R35 Dyno - NAGTROC - The GT-R Owners Club

















This may explain the 'ring time.


----------



## SmigzyGTR (Mar 20, 2006)

sweeeeet


----------



## Spearmint (Aug 7, 2005)

Awesome stuff! 

One day....maybe one day!


----------



## Redlineash (Jul 16, 2007)

*R35 Dyno'd*

Cracking post R33, nice one.

Add back about 15% or so for transmission loss Im guessing to get 550bhp at the crank?!?

Now thats a bit odd. In the Top Gear write up this month they seemed to intimate that the 911 Turbo kept up with a GTR at the top end. Does that mean Porsche are also telling fibs about the 911 Turbo's bhp?

Does seem strange that Nissan are underplaying the bhp by that much though. Surely it would be better saying 550bhp up front!!


----------



## Lith (Oct 5, 2006)

Doesn't the 911 have similar power and weigh a lot less? So if it has less power and weighs less it'd make sense that it could be a little quicker still?


----------



## R33_GTS-t (Apr 27, 2005)

Redlineash said:


> Cracking post R33, nice one.
> 
> Add back about 15% or so for transmission loss Im guessing to get 550bhp at the crank?!?
> 
> ...


Some 911 Turbos make 540+bhp stock and they're 150kg lighter. According to Edmunds, from a mid-revs 4th gear role, the Porsche marginally creeps forward. But is that with overboost?



> From medium revs in 4th gear, with me driving the Nissan and with a passenger on board, the radio countdown allowed us to nail the throttles simultaneously with the cars side by side. The Porsche crawled forward, and I mean crawled, v-e-r-y slowly. It only highlights the supernatural performance of the GT-R.


LOL - the GTR had a passenger.


----------



## Perra (Jan 6, 2002)

Sorry if I´m wrong here but on the top of the right graph it says: "Fly Wheel Power Graph". That´s NOT at the wheels. It just shows that Nissan is correct when they say the car has 480bhp and this one calculates 482. 

/P


----------



## canman (Jul 7, 2001)

Nismo have the same dyno too so you can only assume they've been underquoting the figures.

Porsche have always understated the performance of their cars, both in 0-100kph and power numbers......... I think it's a good idea as in hot conditions for instance the number might be more like what they've quoted........at least then they can't be accused of making false claims...

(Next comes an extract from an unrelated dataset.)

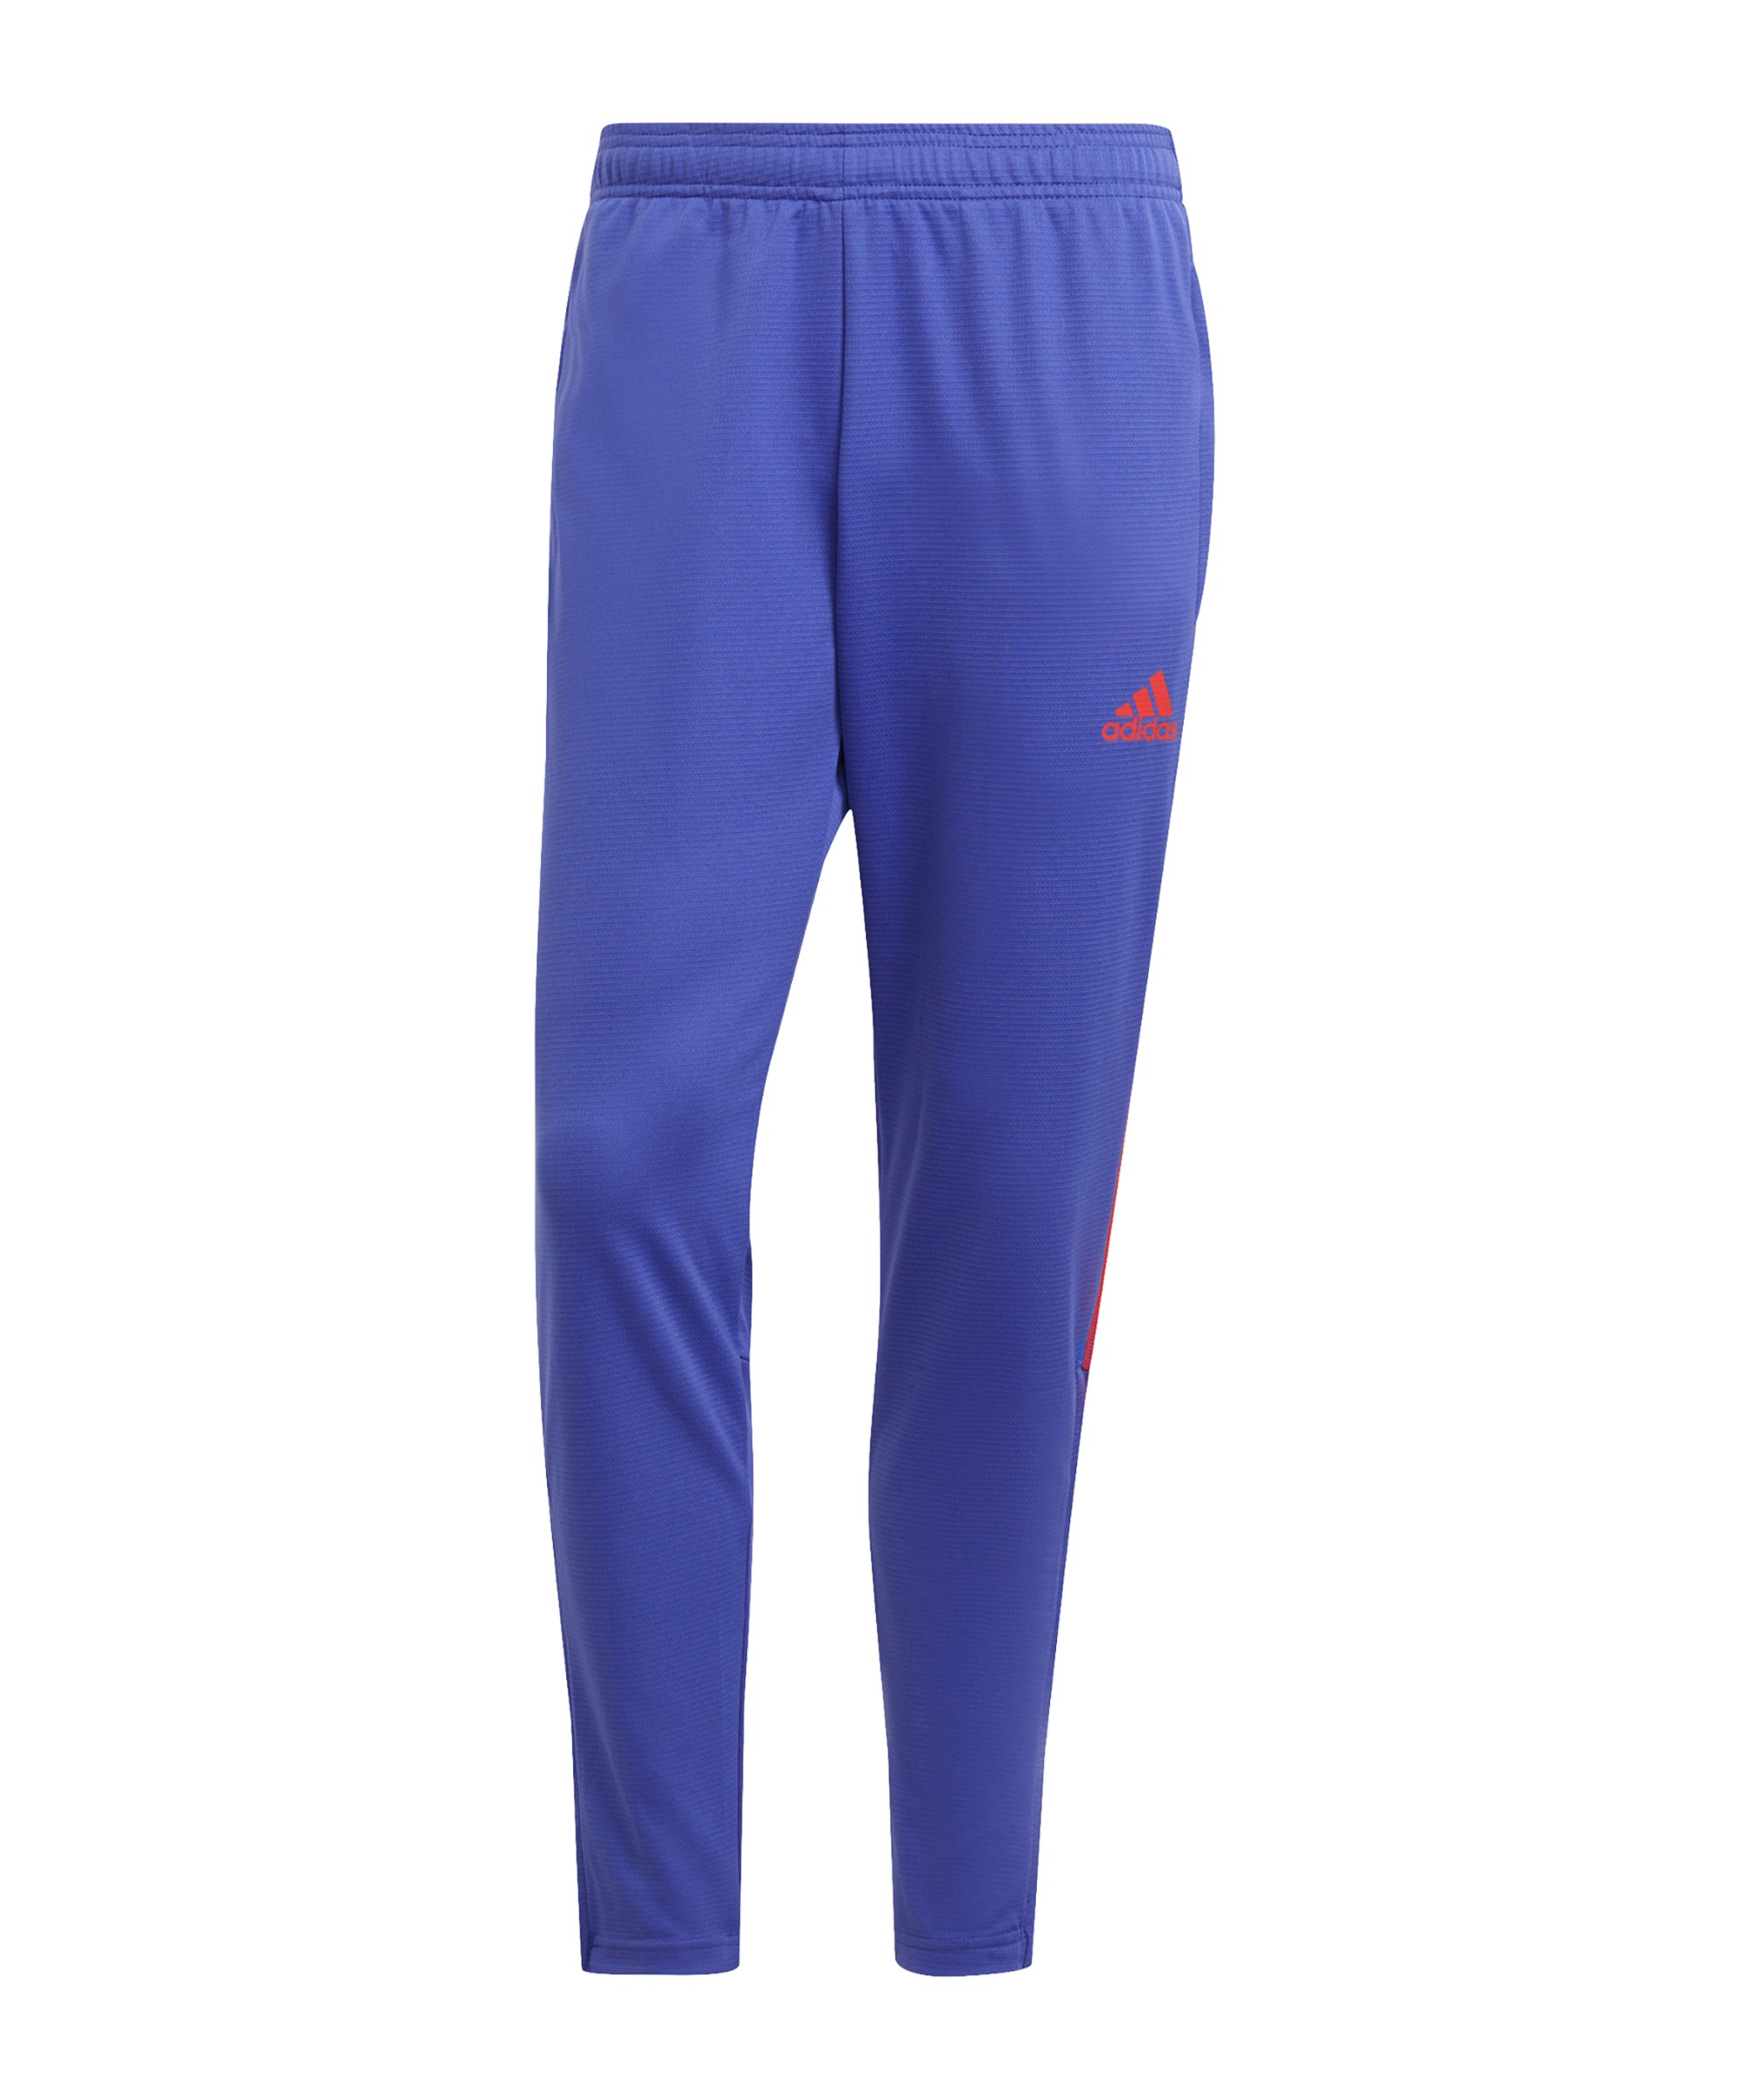 adidas Tiro Primeblue Trainingshose Blau - blau

It's meant to be a "world car" so I suppose they've quoted the lowest figures ?


----------



## Chuck_H (Jul 28, 2006)

Perra said:


> Sorry if I´m wrong here but on the top of the right graph it says: "Fly Wheel Power Graph". That´s NOT at the wheels. It just shows that Nissan is correct when they say the car has 480bhp and this one calculates 482.
> 
> /P


A post from the link.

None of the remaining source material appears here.